◆ INSTRUCTIONS FOR THE TASK:
What follows is a listing to transcribe exactly, leaving the pictures out.

═════ GIVEN INFORMATION ═════

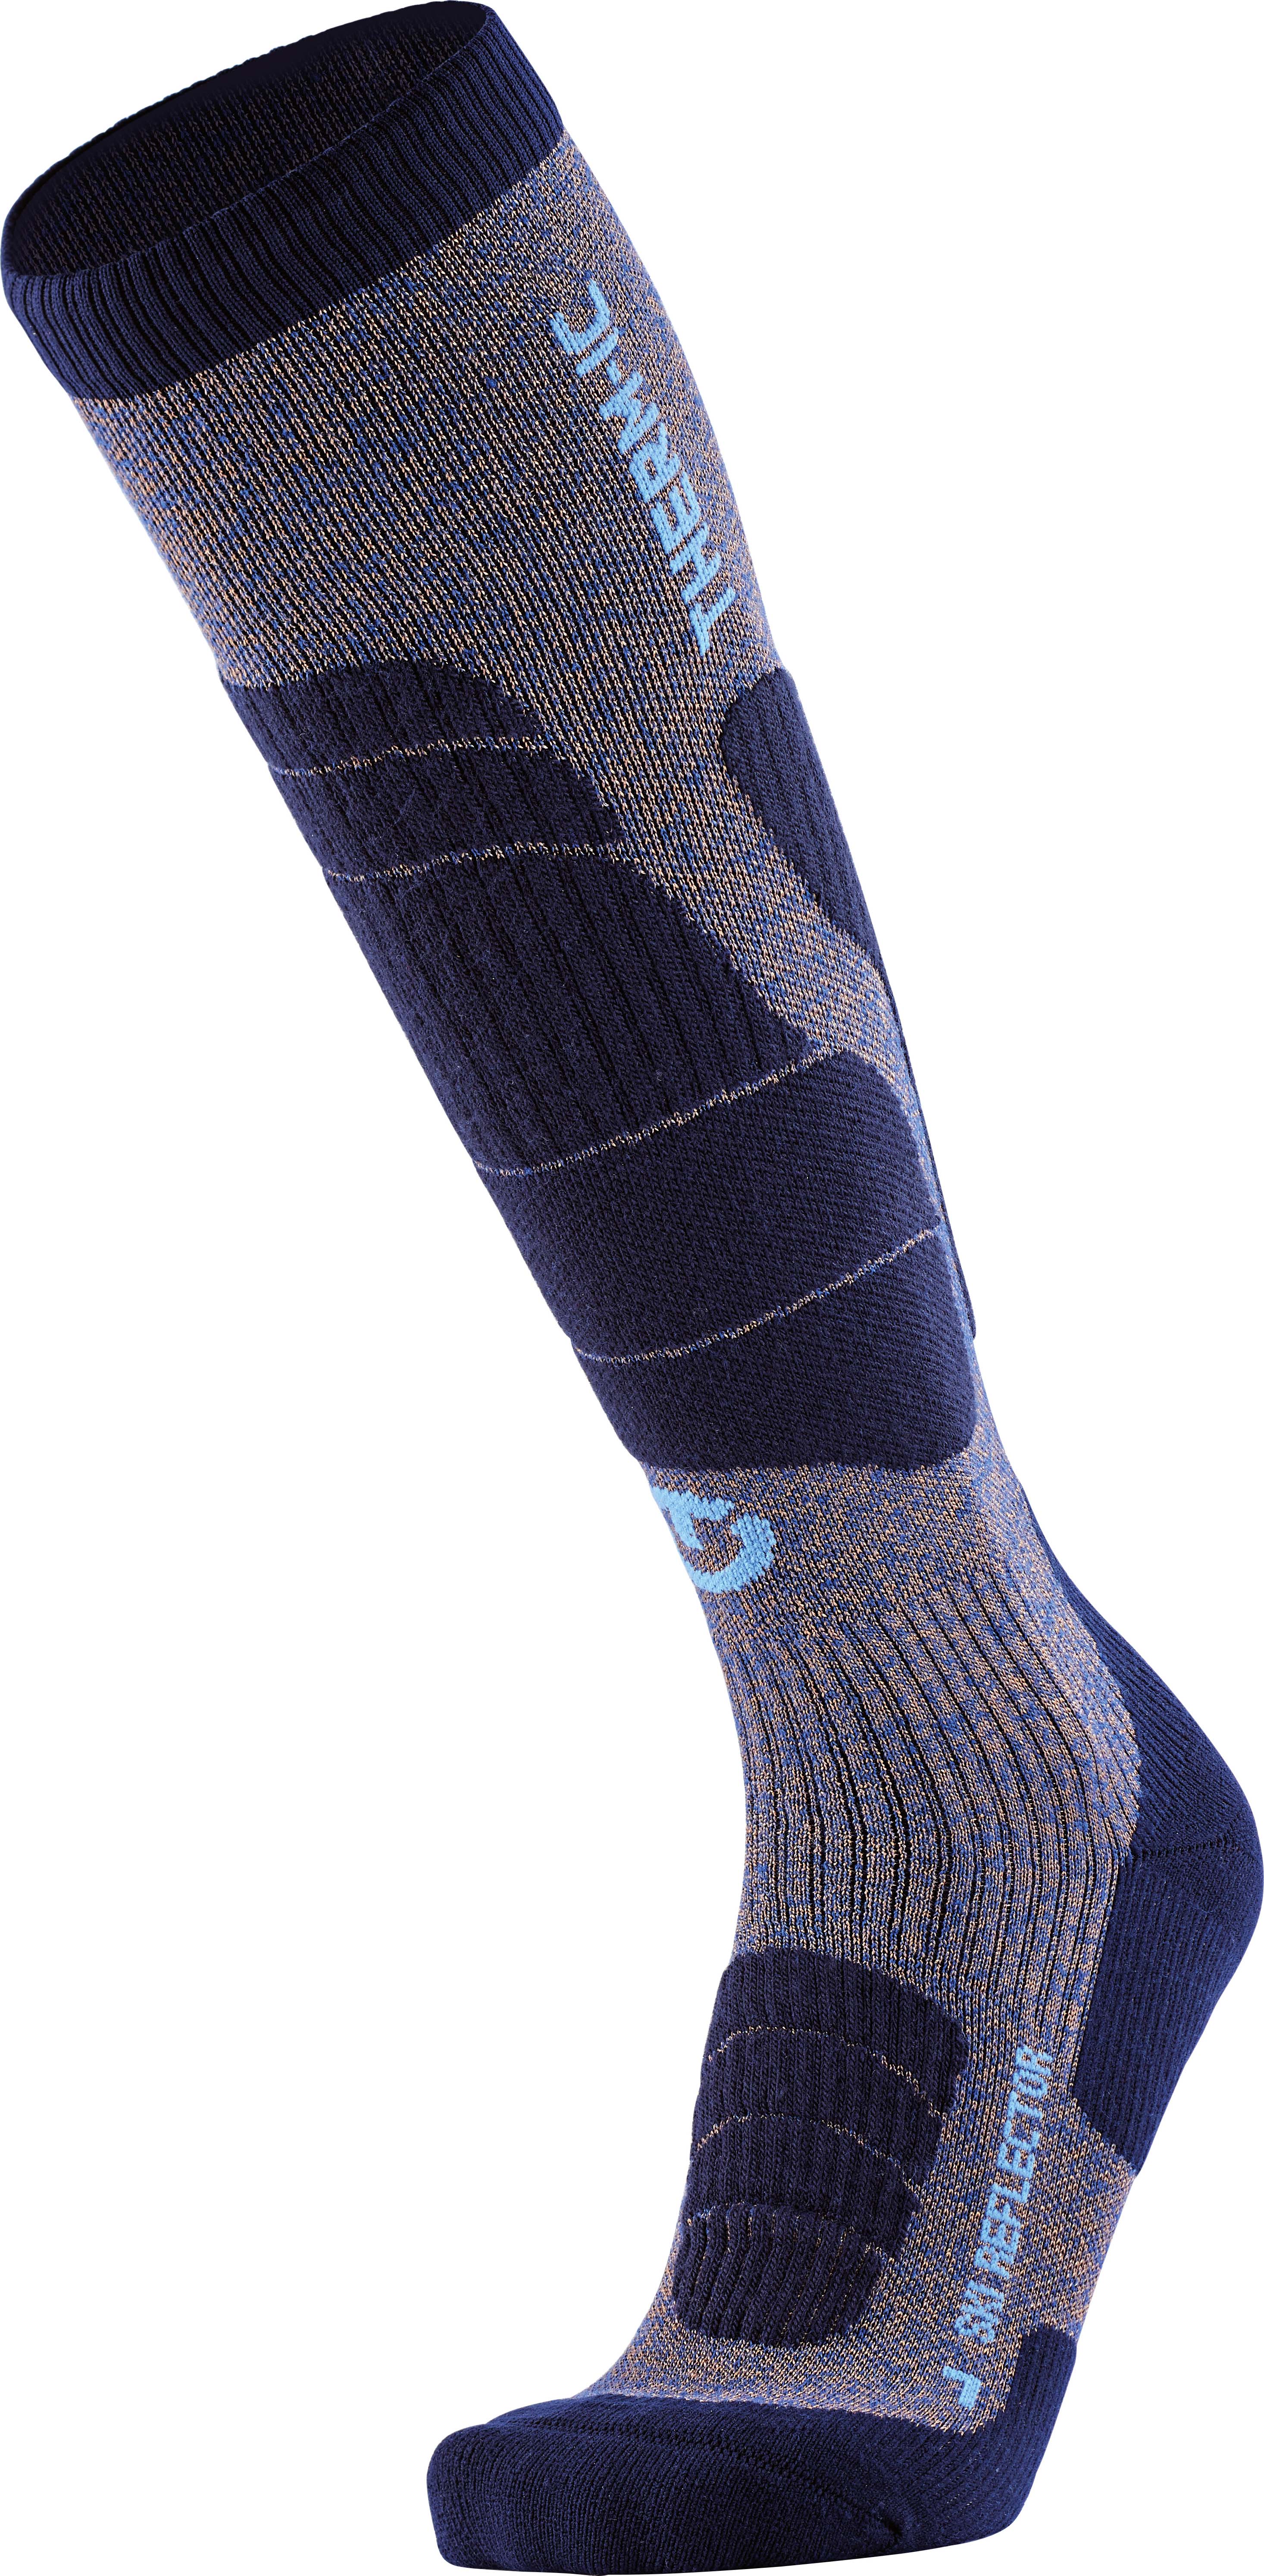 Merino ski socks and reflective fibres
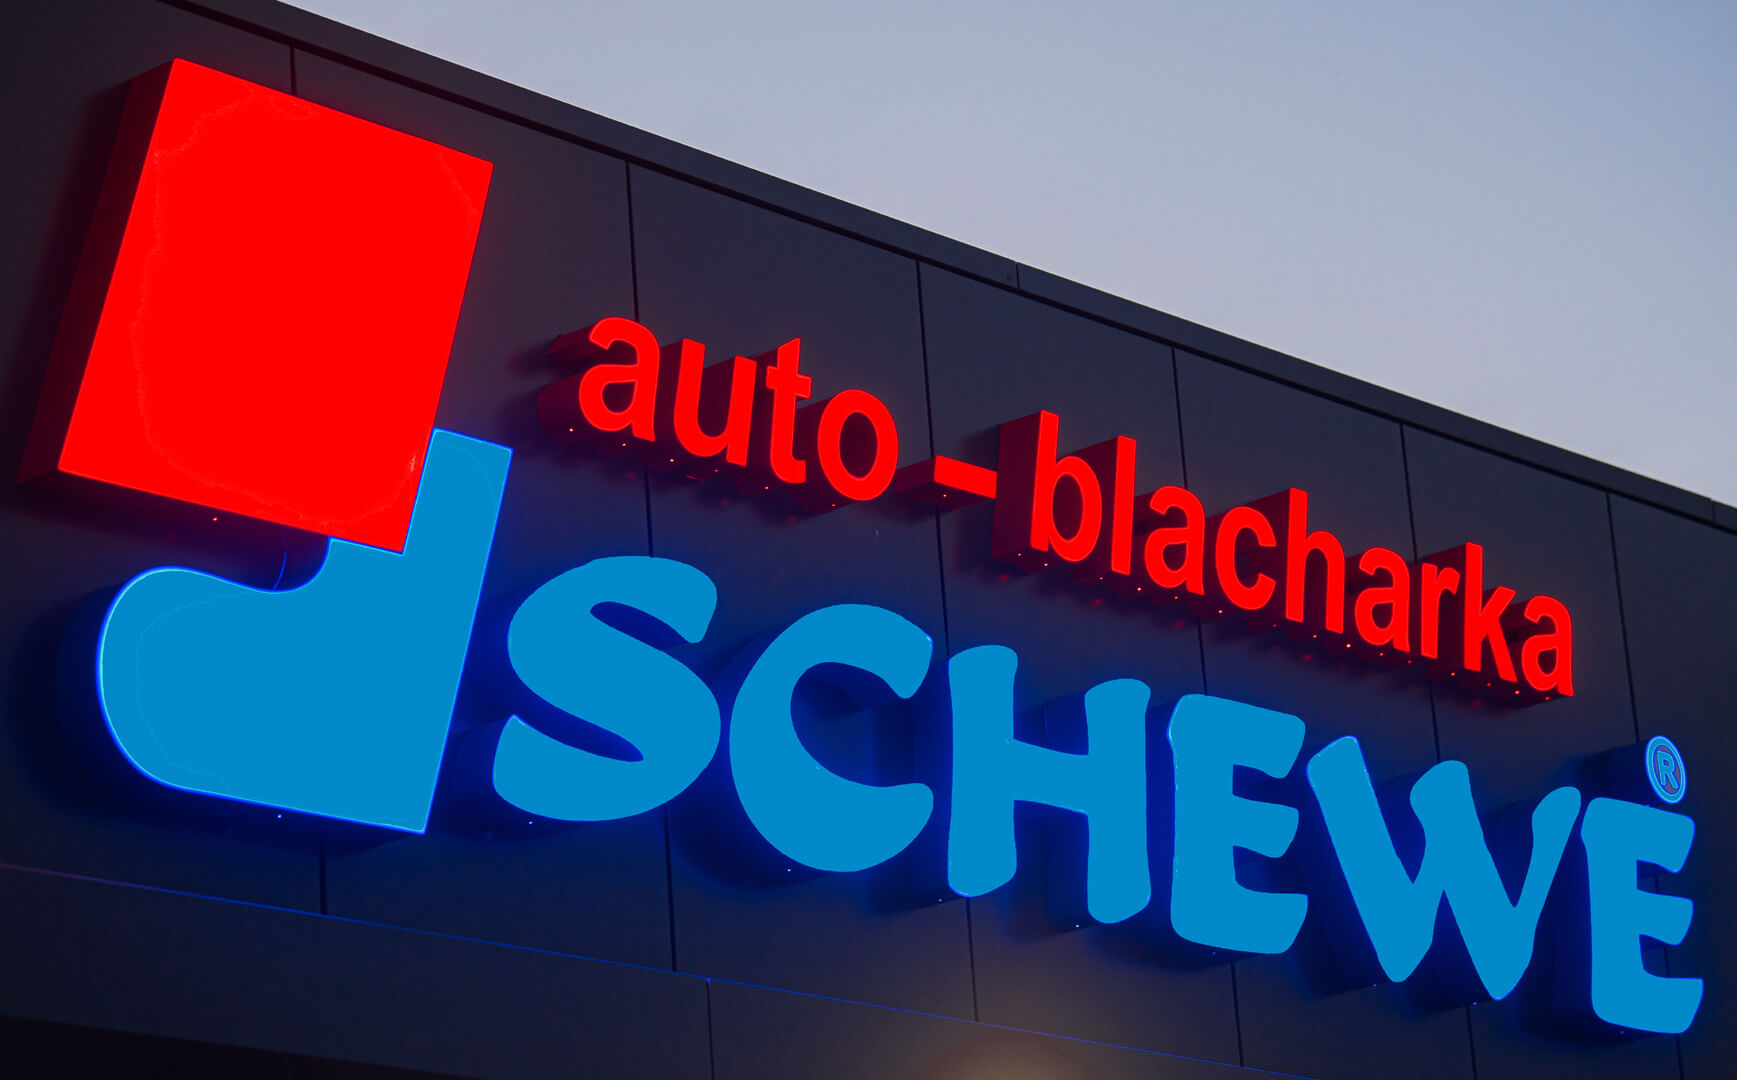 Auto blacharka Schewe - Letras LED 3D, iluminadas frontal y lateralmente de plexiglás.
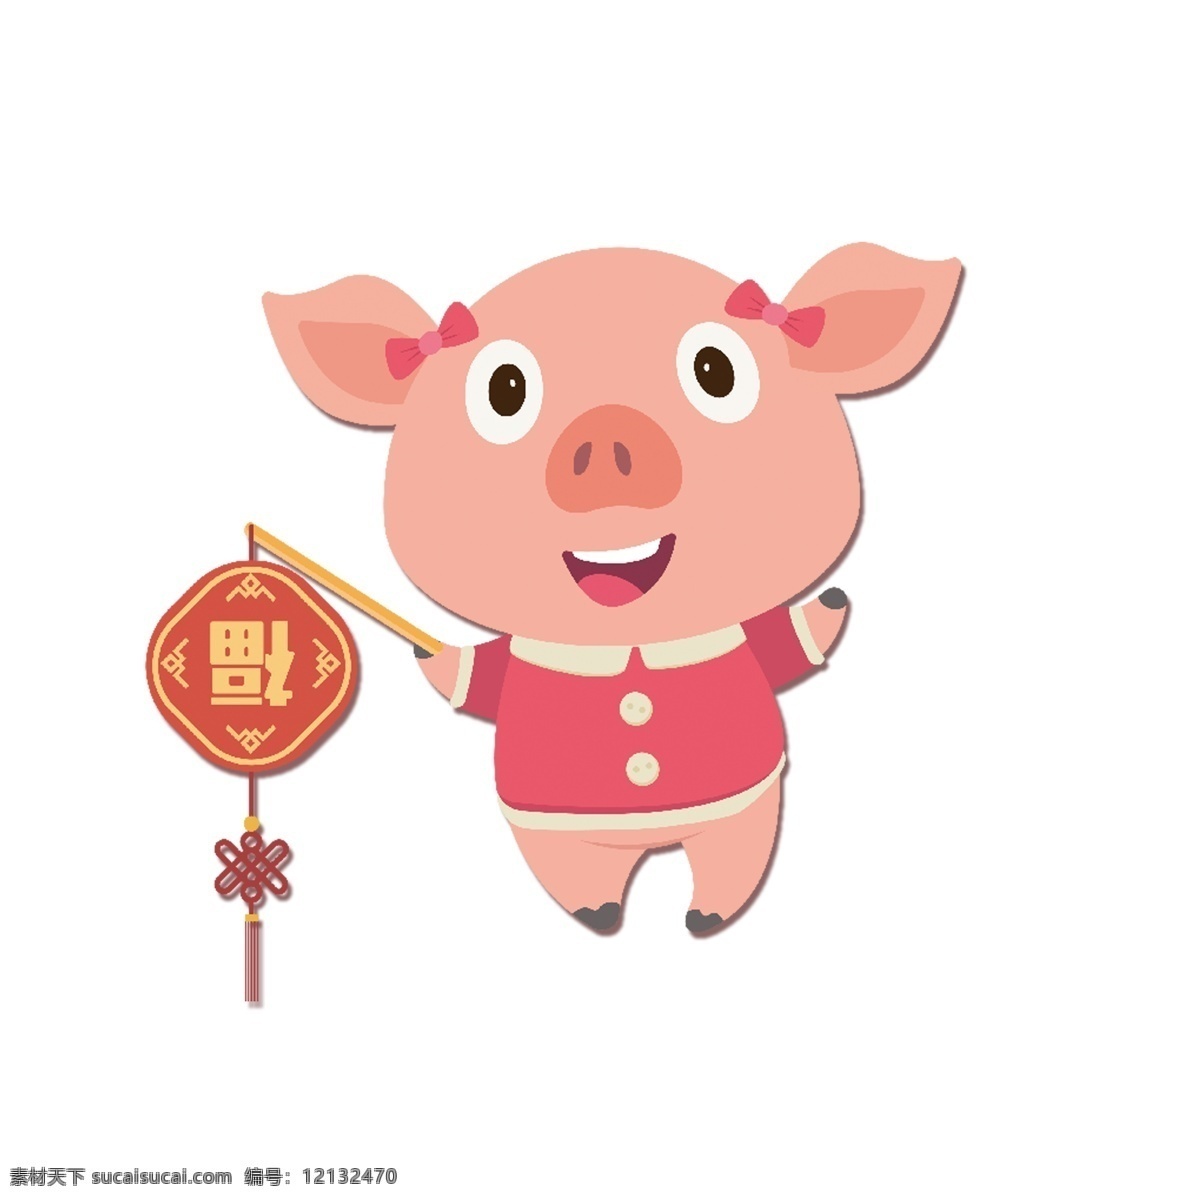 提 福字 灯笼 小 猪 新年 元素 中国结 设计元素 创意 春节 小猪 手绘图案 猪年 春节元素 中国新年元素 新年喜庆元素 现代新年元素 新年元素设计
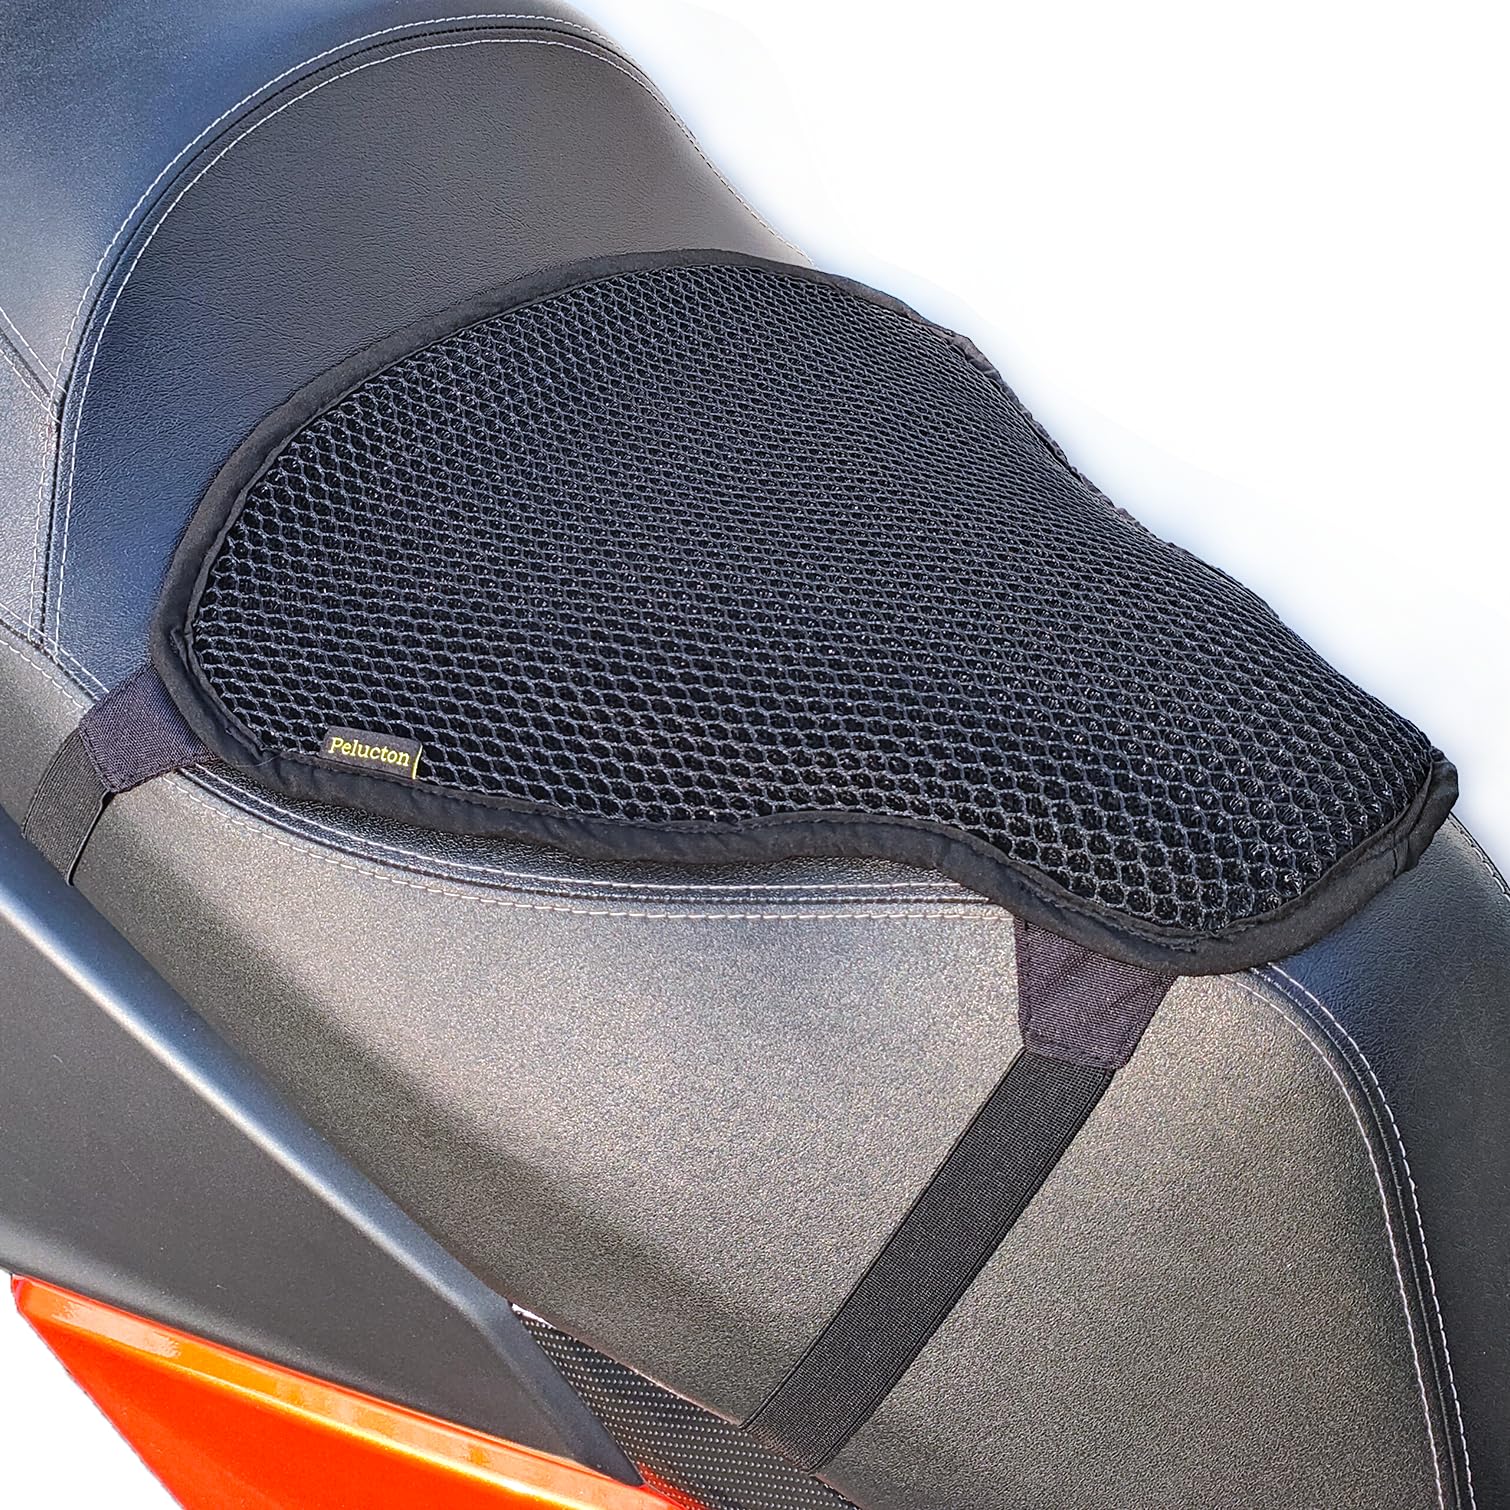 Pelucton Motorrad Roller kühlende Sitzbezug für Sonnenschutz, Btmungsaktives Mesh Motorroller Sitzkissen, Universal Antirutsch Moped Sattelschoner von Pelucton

═════

◆ SOLUTION:
 Merino ski socks and reflective fibres
 Auto blacharka Schewe - Letras LED 3D, iluminadas frontal y lateralmente de plexiglás.
 提 福字 灯笼 小 猪 新年 元素 中国结 设计元素 创意 春节 小猪 手绘图案 猪年 春节元素 中国新年元素 新年喜庆元素 现代新年元素 新年元素设计
 Pelucton Motorrad Roller kühlende Sitzbezug für Sonnenschutz, Btmungsaktives Mesh Motorroller Sitzkissen, Universal Antirutsch Moped Sattelschoner von Pelucton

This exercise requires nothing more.